→ INSTRUCTIONS FOR THE TASK
Starting at the line that contains "2017 BMW X5" and stopping after the line that contains "Cucina di strada: panini", transcribe the listing below exactly; do not include any pictures.

→ DATA EXCERPTS
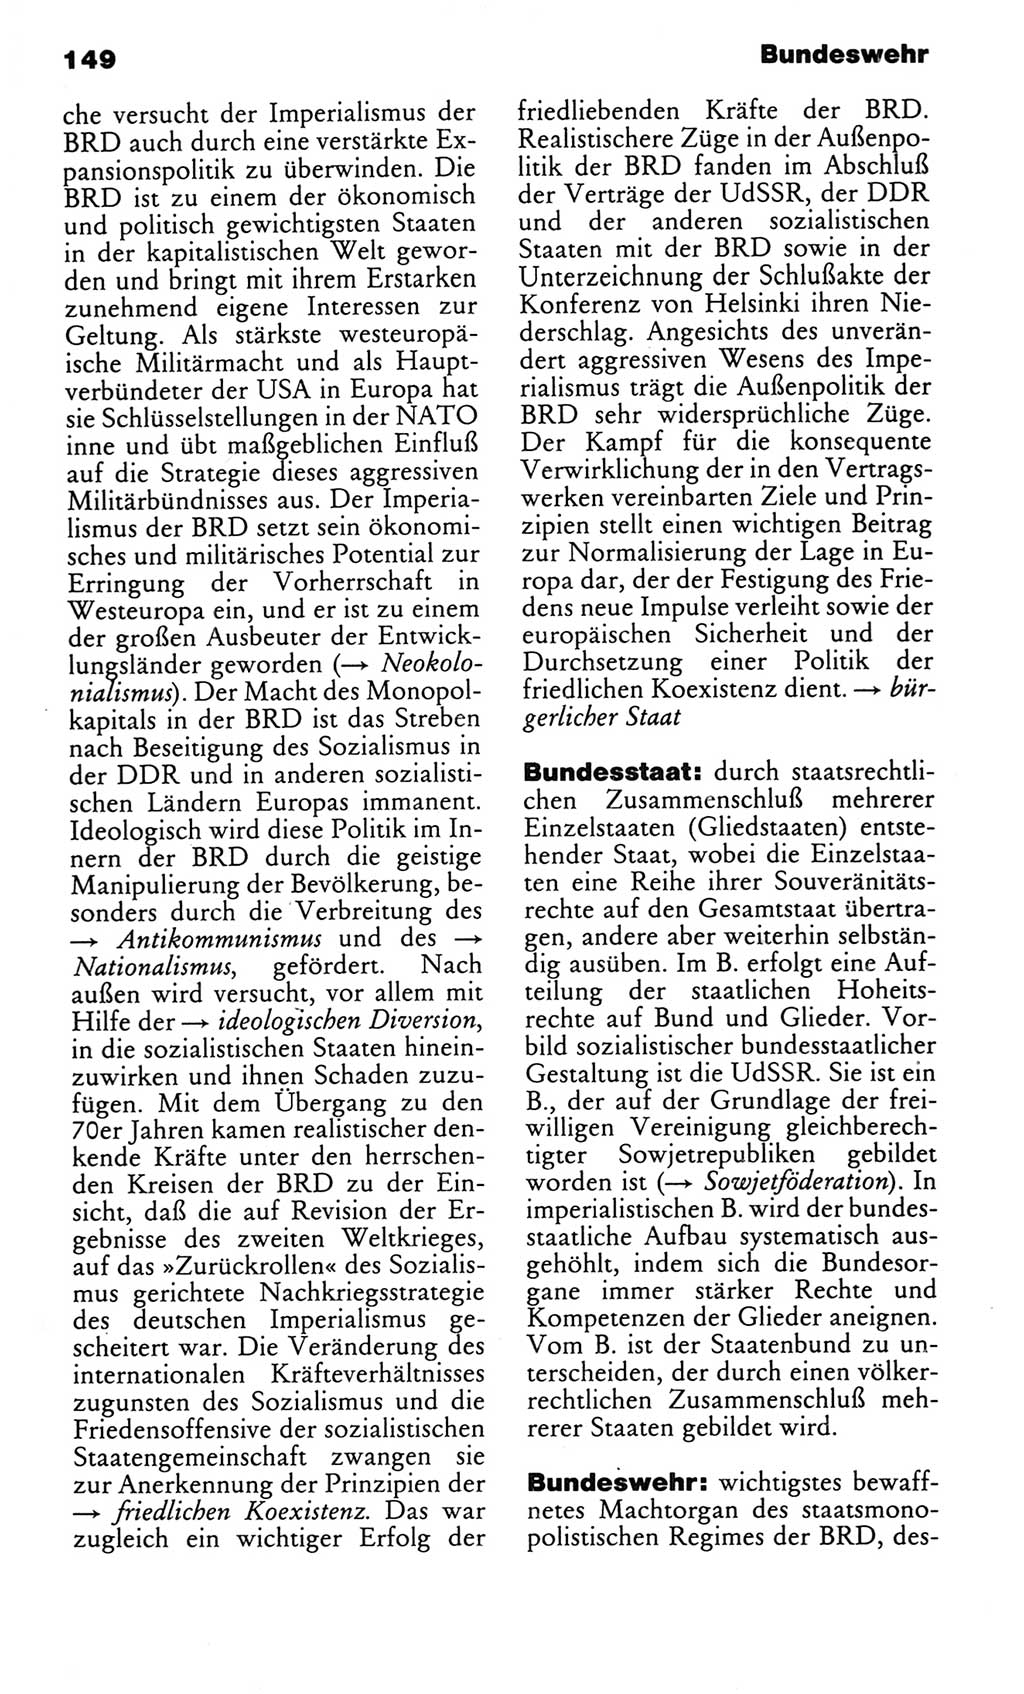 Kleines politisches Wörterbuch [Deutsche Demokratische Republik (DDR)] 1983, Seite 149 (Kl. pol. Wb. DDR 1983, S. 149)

==

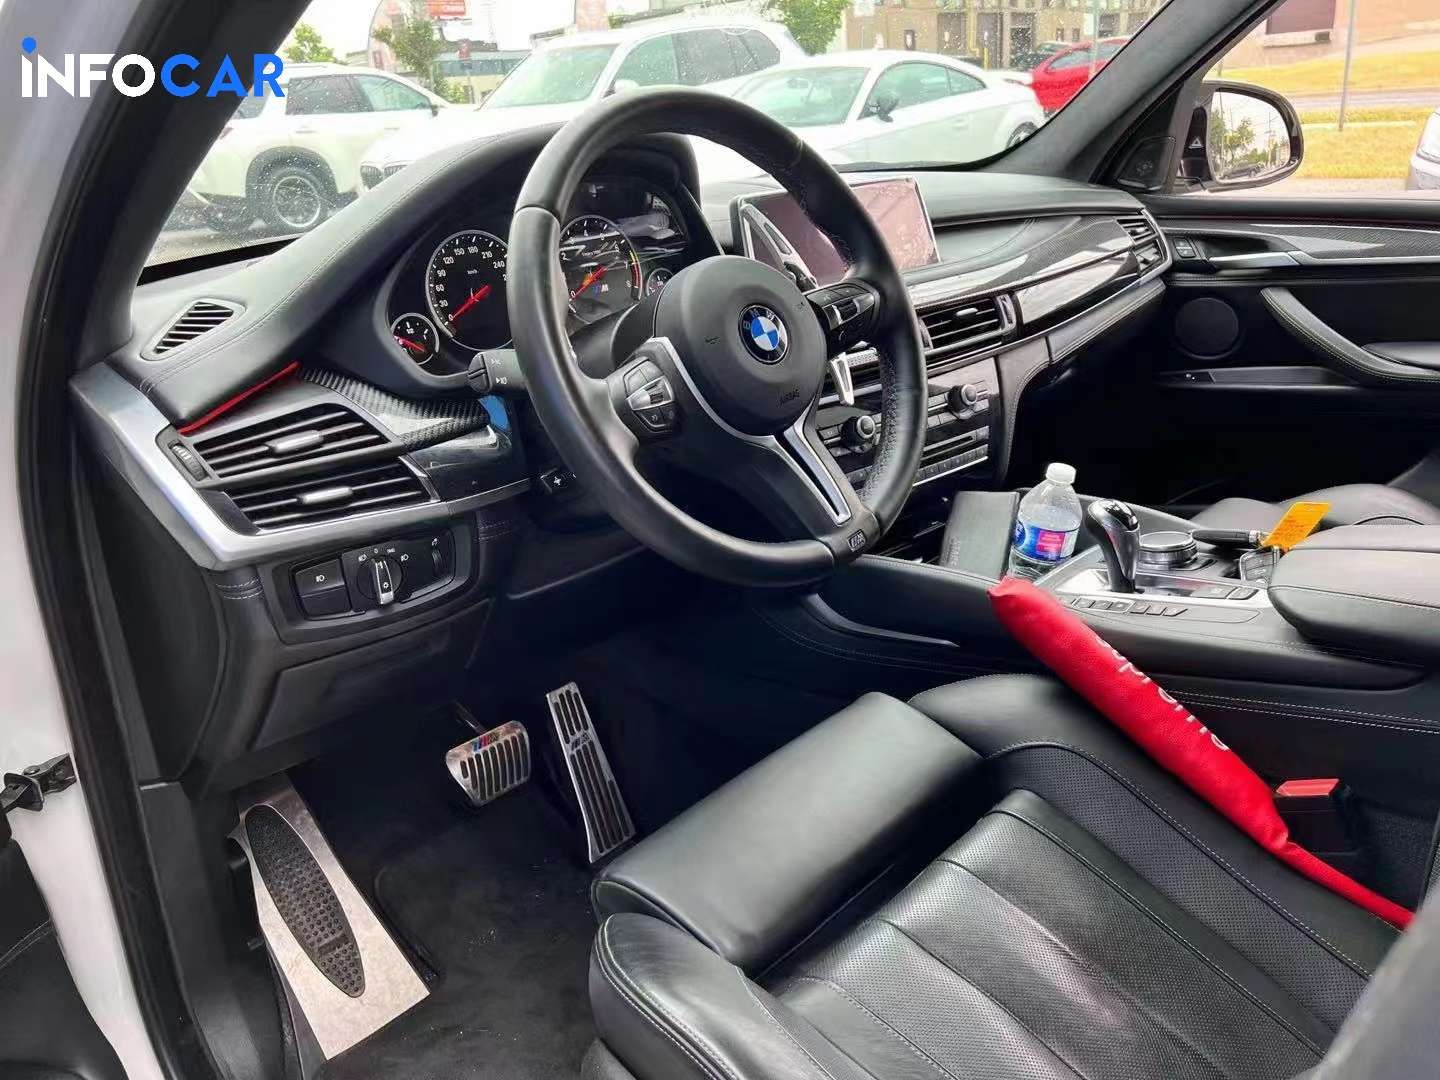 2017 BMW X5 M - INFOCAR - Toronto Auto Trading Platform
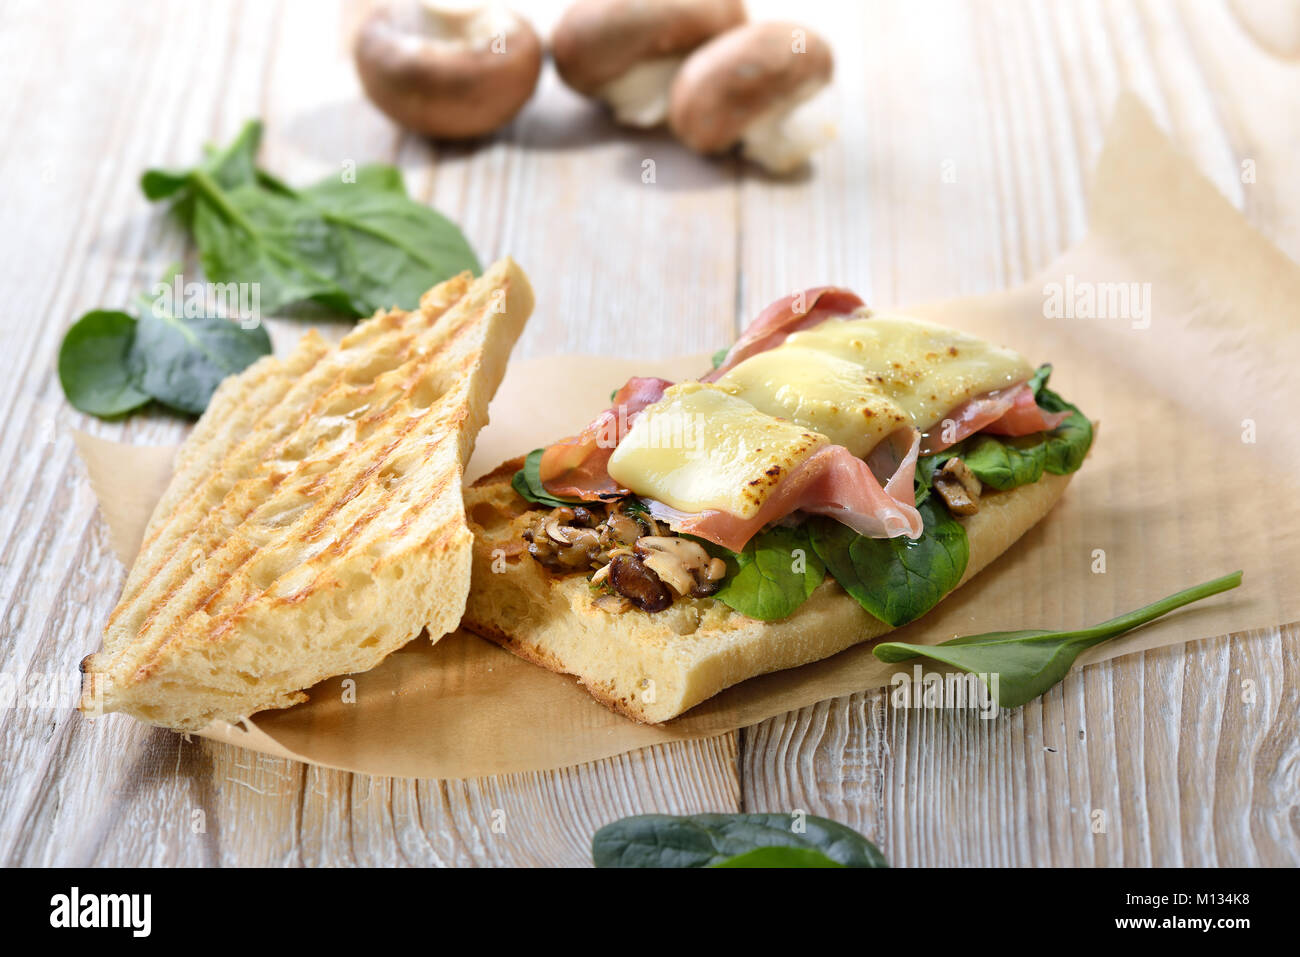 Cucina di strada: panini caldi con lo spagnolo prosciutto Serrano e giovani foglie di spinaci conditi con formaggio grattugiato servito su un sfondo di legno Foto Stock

→ ANSWER SPACE
 2017 BMW X5 M - INFOCAR - Toronto Auto Trading Platform
 Cucina di strada: panini caldi con lo spagnolo prosciutto Serrano e giovani foglie di spinaci conditi con formaggio grattugiato servito su un sfondo di legno Foto Stock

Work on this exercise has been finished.